Investors are placing 80 per cent odds of a cut on Wednesday, in a decision due at 10 a.m. in Ottawa. That’s a sudden change from a week ago when markets were placing just a 20 per cent bet on Poloz easing, and economists have been slower to adjust their predictions.

All but nine of 26 respondents in a Bloomberg economist survey predict the bank will hold rates steady this week. However, some shops including Royal Bank and National Bank Financial flipped their forecasts to a cut late last week, and others may follow. Futures markets are now pricing in two rate cuts spread over the final three decisions of Poloz’s tenure.

The Bank of Canada has kept its benchmark rate at 1.75 per cent for ten consecutive meetings, leaving the country with the tightest monetary policy among advanced economies. Poloz seemed comfortable with a wait-and-see stance throughout 2019, largely due to a robust labor market and inflation near target. However, communications shifted in January to a more dovish stance as incoming data pointed to softer conditions.
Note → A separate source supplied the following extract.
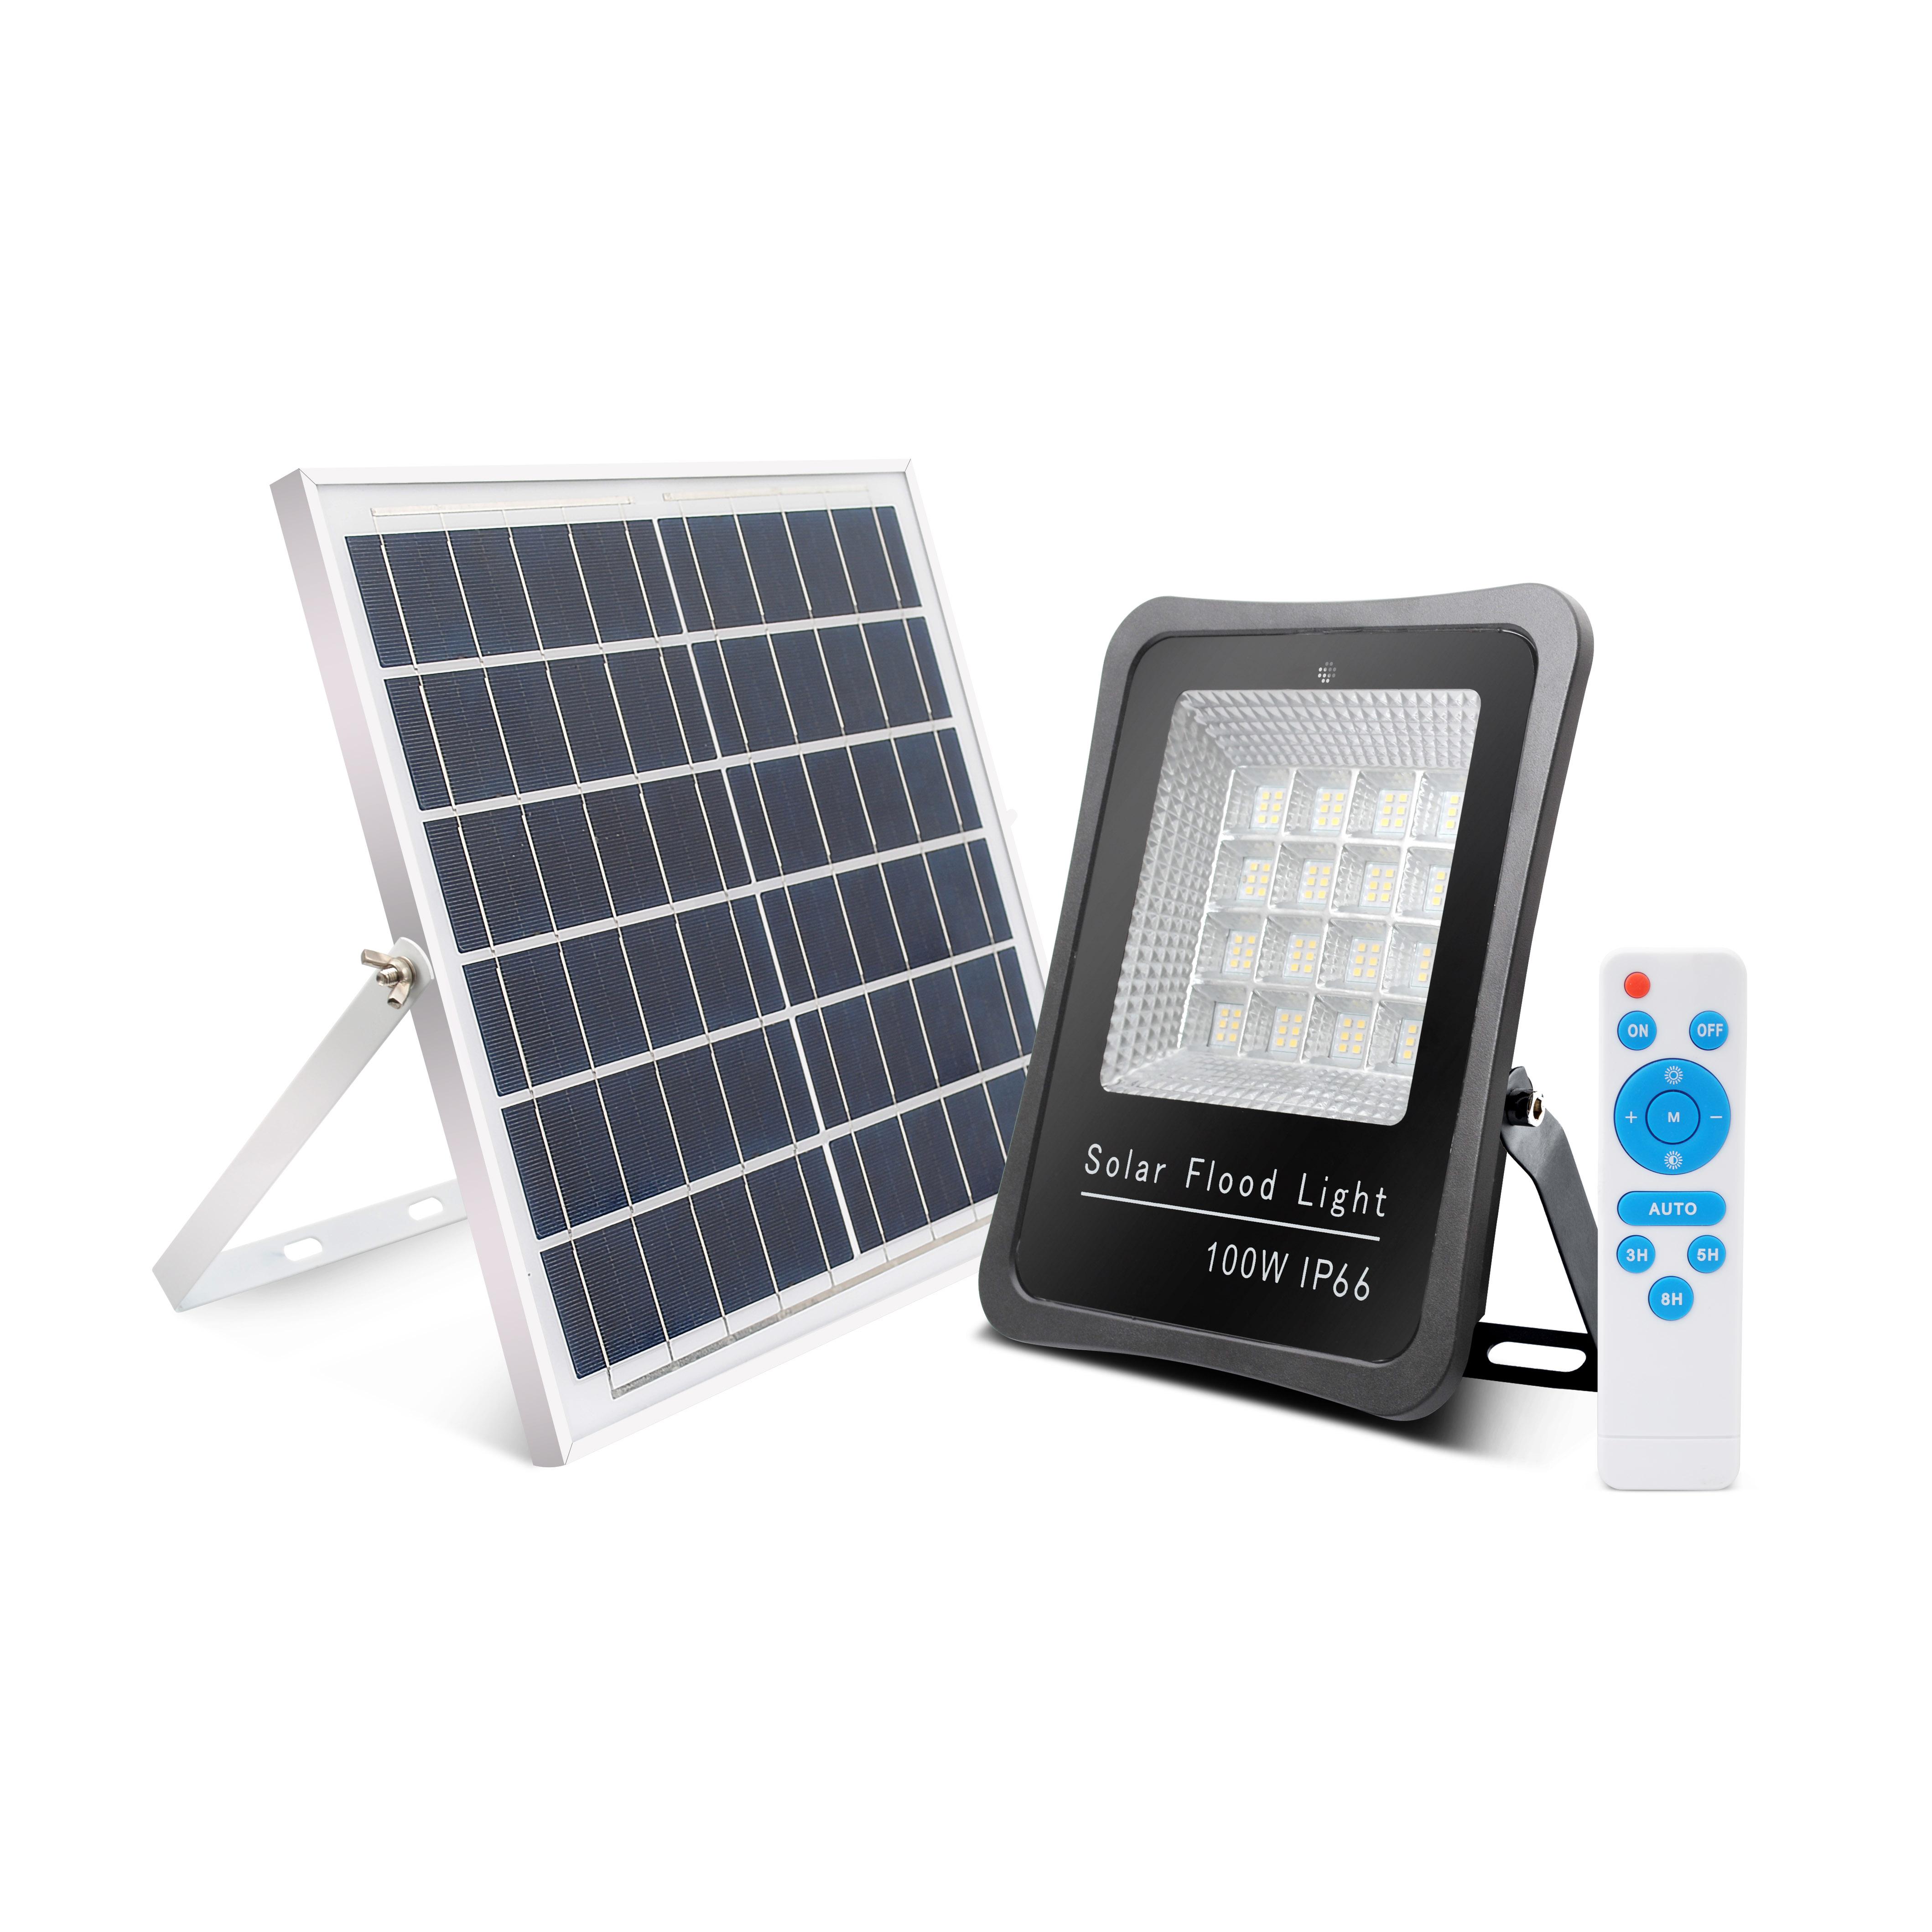 Outdoor Waterproof sensor 100watt solar IP66 led solar powered flood light price

Now risks are piling up. The weakened Canadian economy must contend not only with the coronavirus, but also multiple pipeline protests that had ground rail transport to a halt, neither of which have been accounted for in the data. Analysts have already begun to lower growth expectations for 2020.

For Poloz, whose commitment to data dependency has become a hallmark of his tenure, a decision to cut rates this week would mean acting before multiple risks materialize. Still, getting ahead of impending economic shocks isn’t out of character.

In his first policy move, Poloz unexpectedly cut rates in January 2015 to counter the impact of collapsing oil prices. And in last October’s rate decision, it was revealed governing council discussed and subsequently dismissed the need for an insurance cut that would get ahead of the impacts of rising trade tensions.

One reason policy makers may forgo a cut Wednesday is that the decision comes without the broader analysis included in a Monetary Policy Report. The central bank under Poloz has only moved the interest rate once in a non-MPR meeting, in September 2017.

Still, Poloz is due to speak on Thursday at 1 p.m. in Toronto, and could take the opportunity to elaborate on the central bank’s thinking.